** Data provided follows **

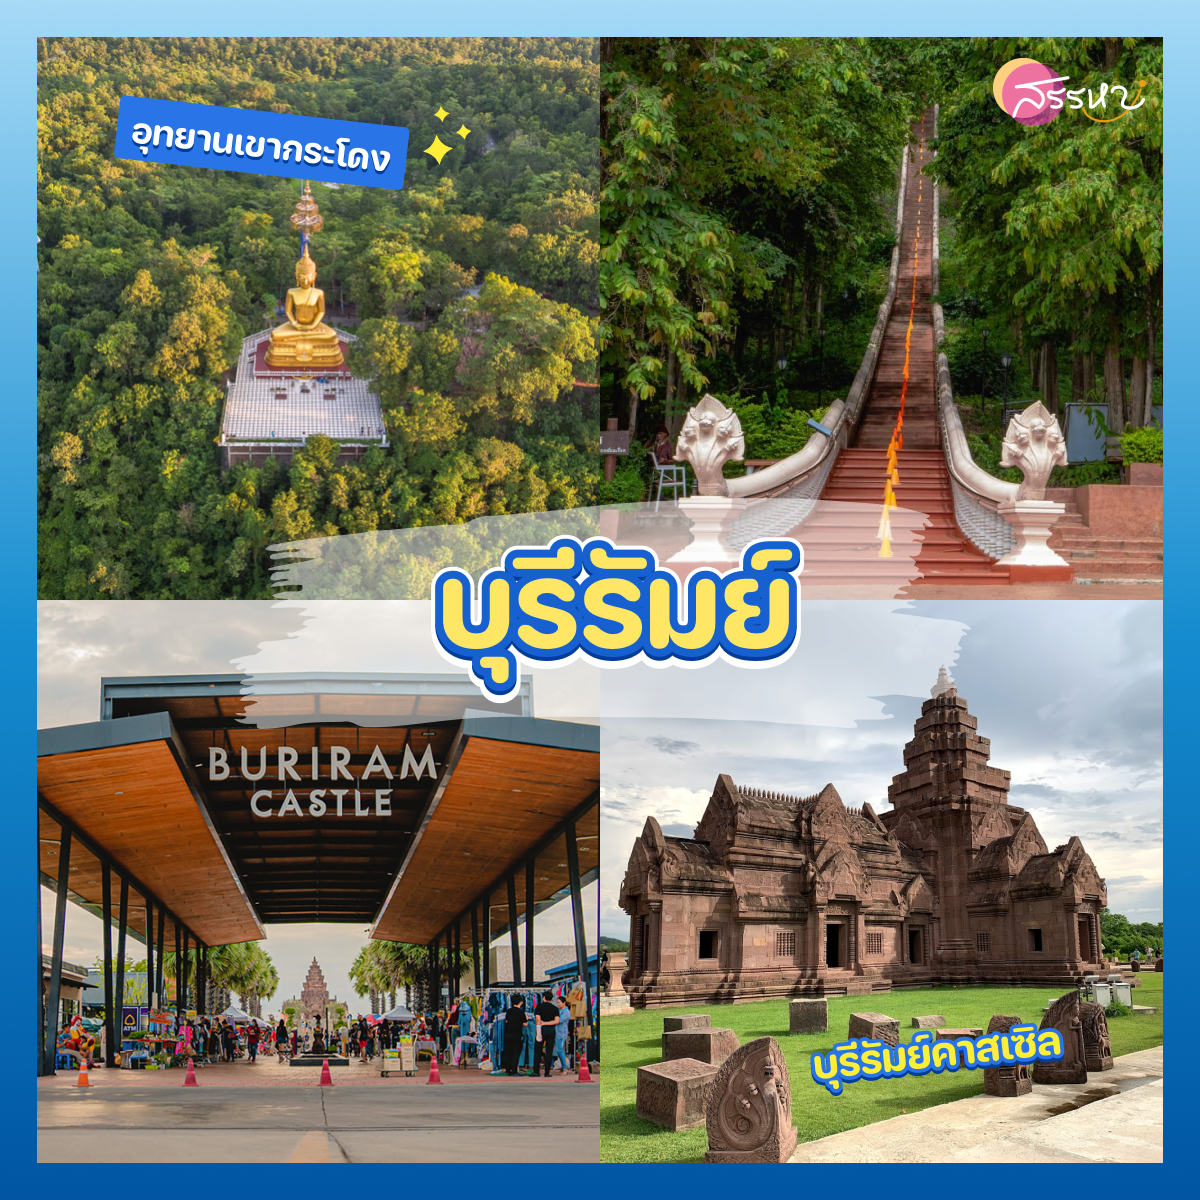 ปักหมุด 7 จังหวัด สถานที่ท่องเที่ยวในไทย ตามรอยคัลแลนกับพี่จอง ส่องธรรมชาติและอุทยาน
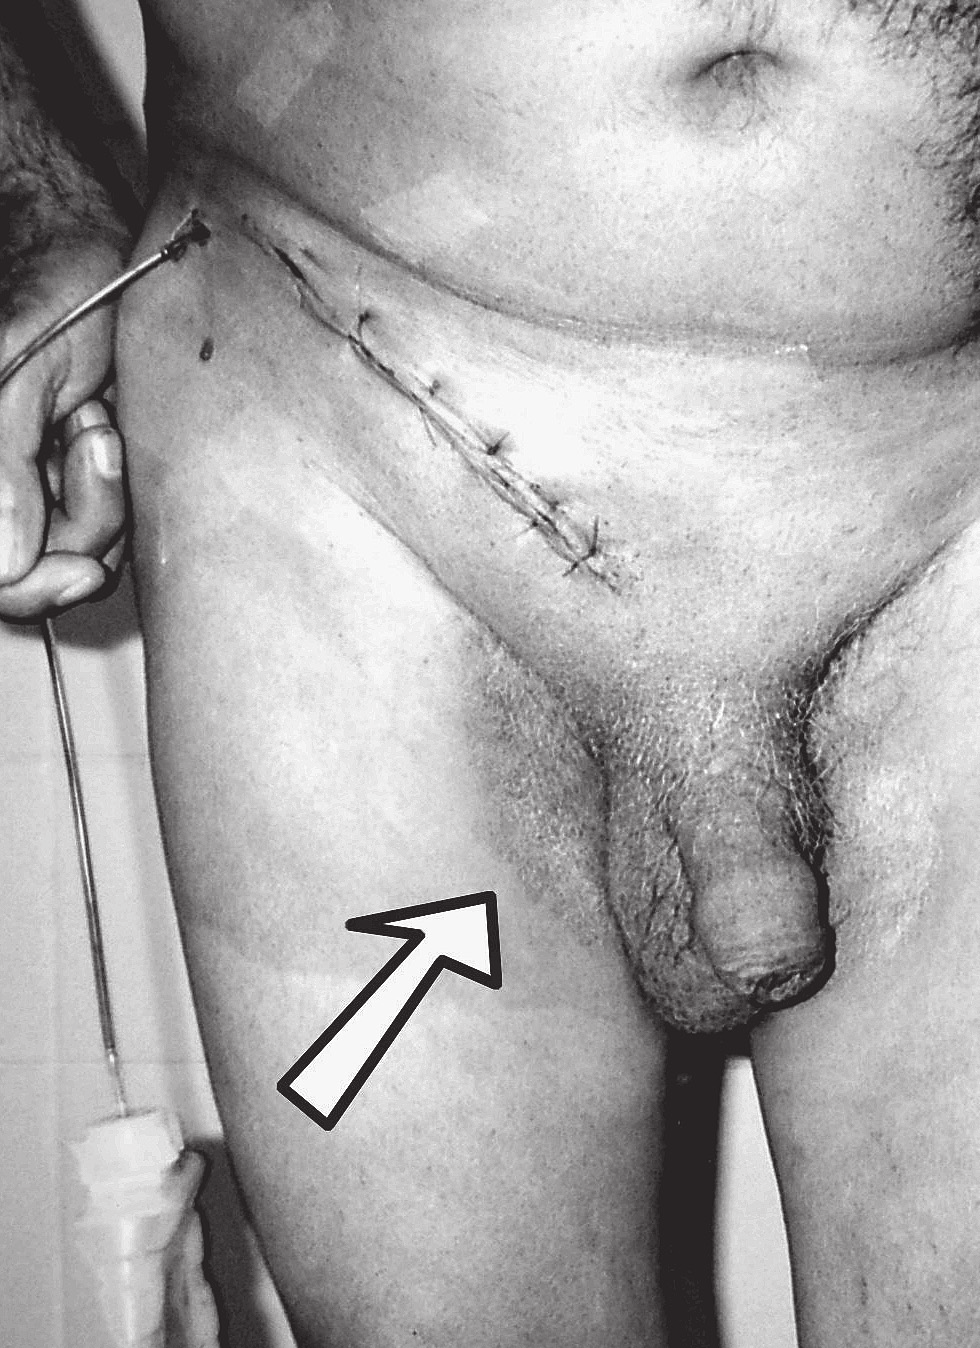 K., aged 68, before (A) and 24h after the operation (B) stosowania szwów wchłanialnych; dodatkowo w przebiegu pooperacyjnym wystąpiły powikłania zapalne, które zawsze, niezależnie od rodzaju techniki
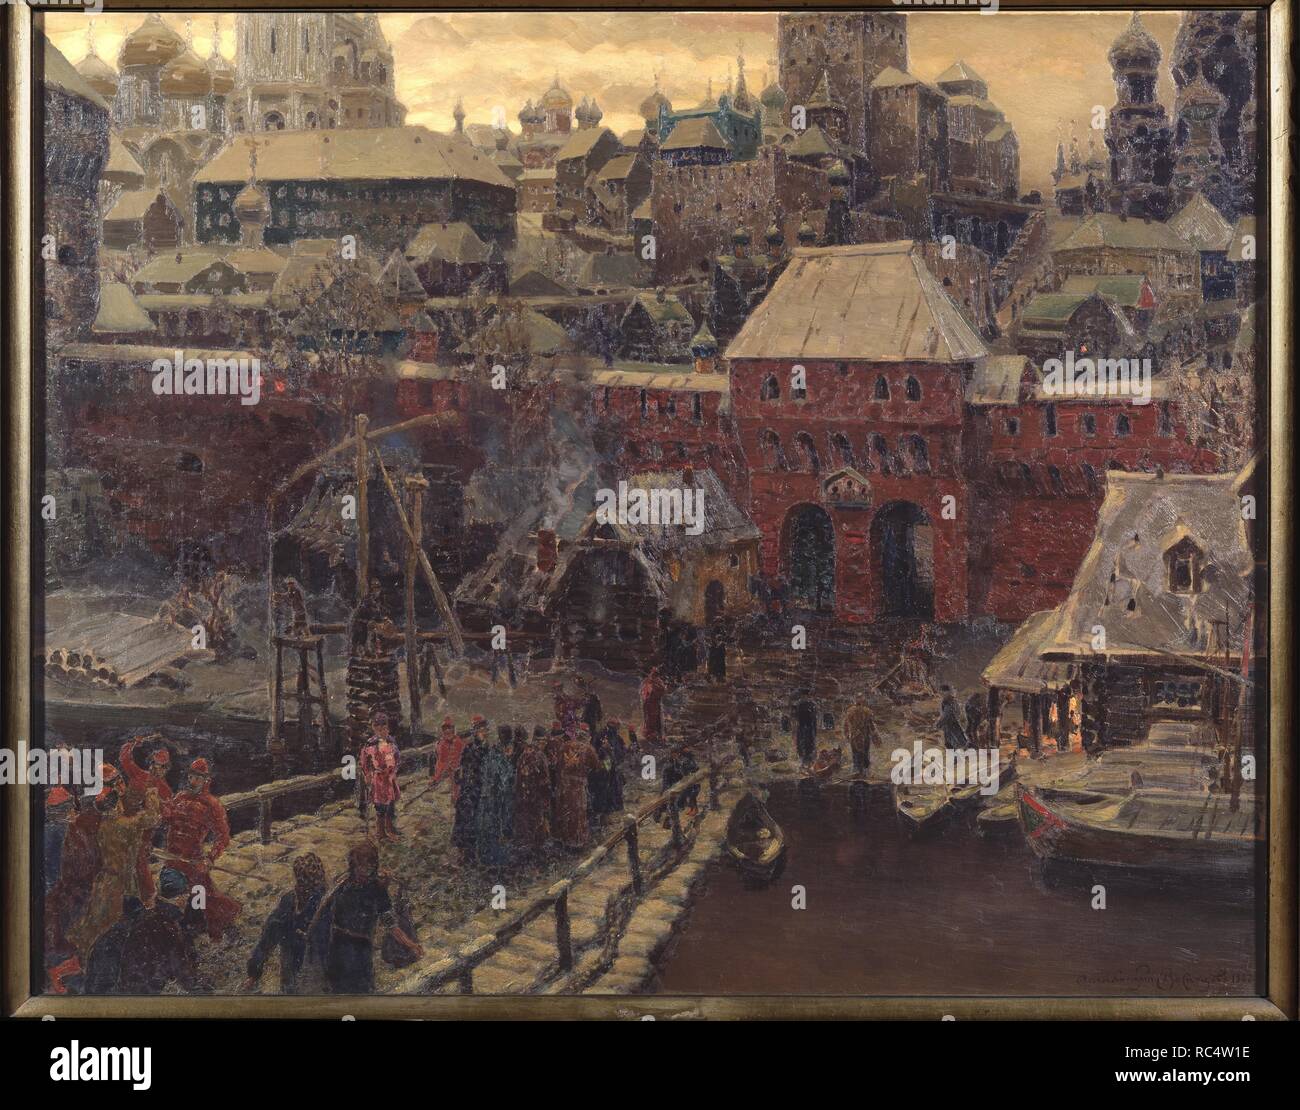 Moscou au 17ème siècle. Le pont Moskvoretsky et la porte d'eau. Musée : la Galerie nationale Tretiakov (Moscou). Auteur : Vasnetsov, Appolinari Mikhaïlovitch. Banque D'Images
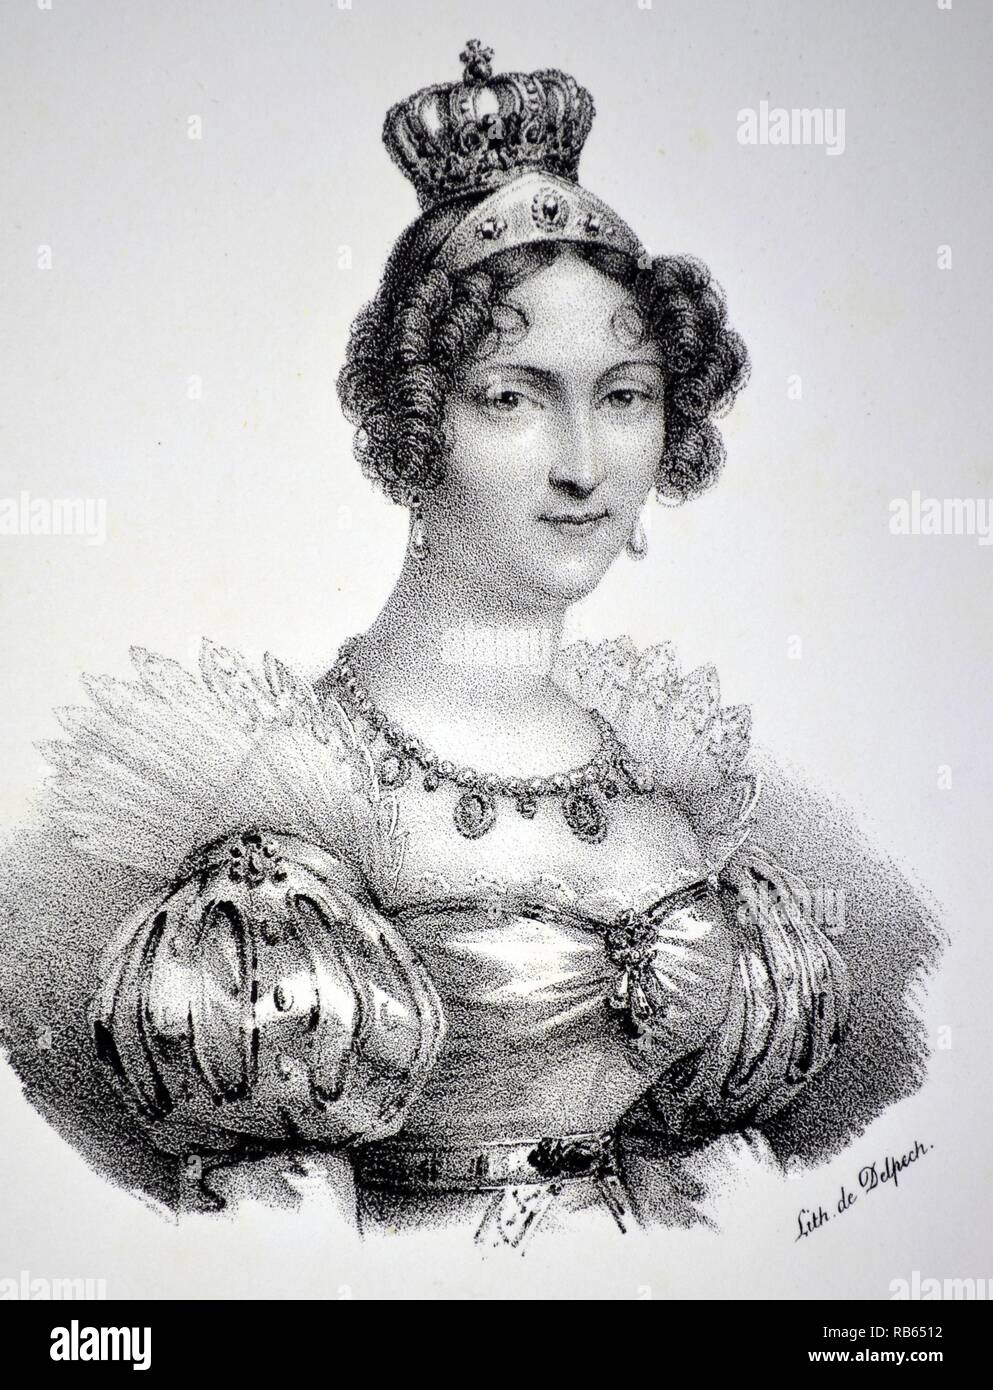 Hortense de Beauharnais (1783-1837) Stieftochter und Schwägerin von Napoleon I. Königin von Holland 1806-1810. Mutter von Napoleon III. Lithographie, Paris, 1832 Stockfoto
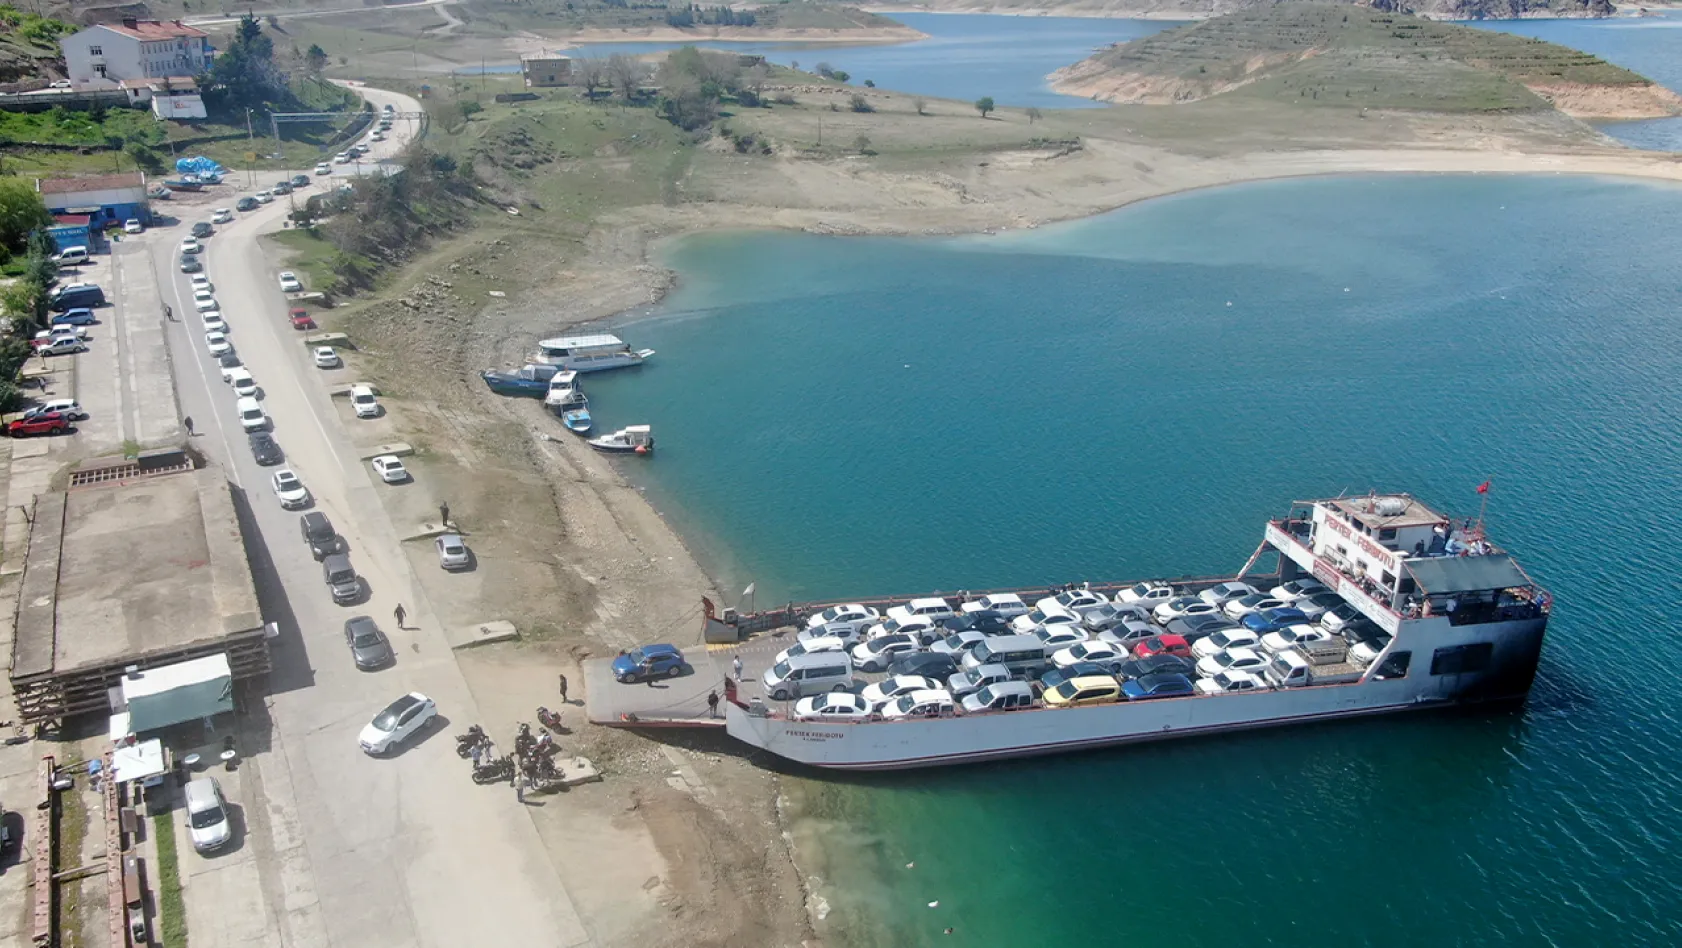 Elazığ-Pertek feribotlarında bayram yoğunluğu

** End of Data provided **

Please keep the pictures out and reproduce the records above exactly.

Solution:
 ปักหมุด 7 จังหวัด สถานที่ท่องเที่ยวในไทย ตามรอยคัลแลนกับพี่จอง ส่องธรรมชาติและอุทยาน
 K., aged 68, before (A) and 24h after the operation (B) stosowania szwów wchłanialnych; dodatkowo w przebiegu pooperacyjnym wystąpiły powikłania zapalne, które zawsze, niezależnie od rodzaju techniki
 Moscou au 17ème siècle. Le pont Moskvoretsky et la porte d'eau. Musée : la Galerie nationale Tretiakov (Moscou). Auteur : Vasnetsov, Appolinari Mikhaïlovitch. Banque D'Images
 Hortense de Beauharnais (1783-1837) Stieftochter und Schwägerin von Napoleon I. Königin von Holland 1806-1810. Mutter von Napoleon III. Lithographie, Paris, 1832 Stockfoto
 Elazığ-Pertek feribotlarında bayram yoğunluğu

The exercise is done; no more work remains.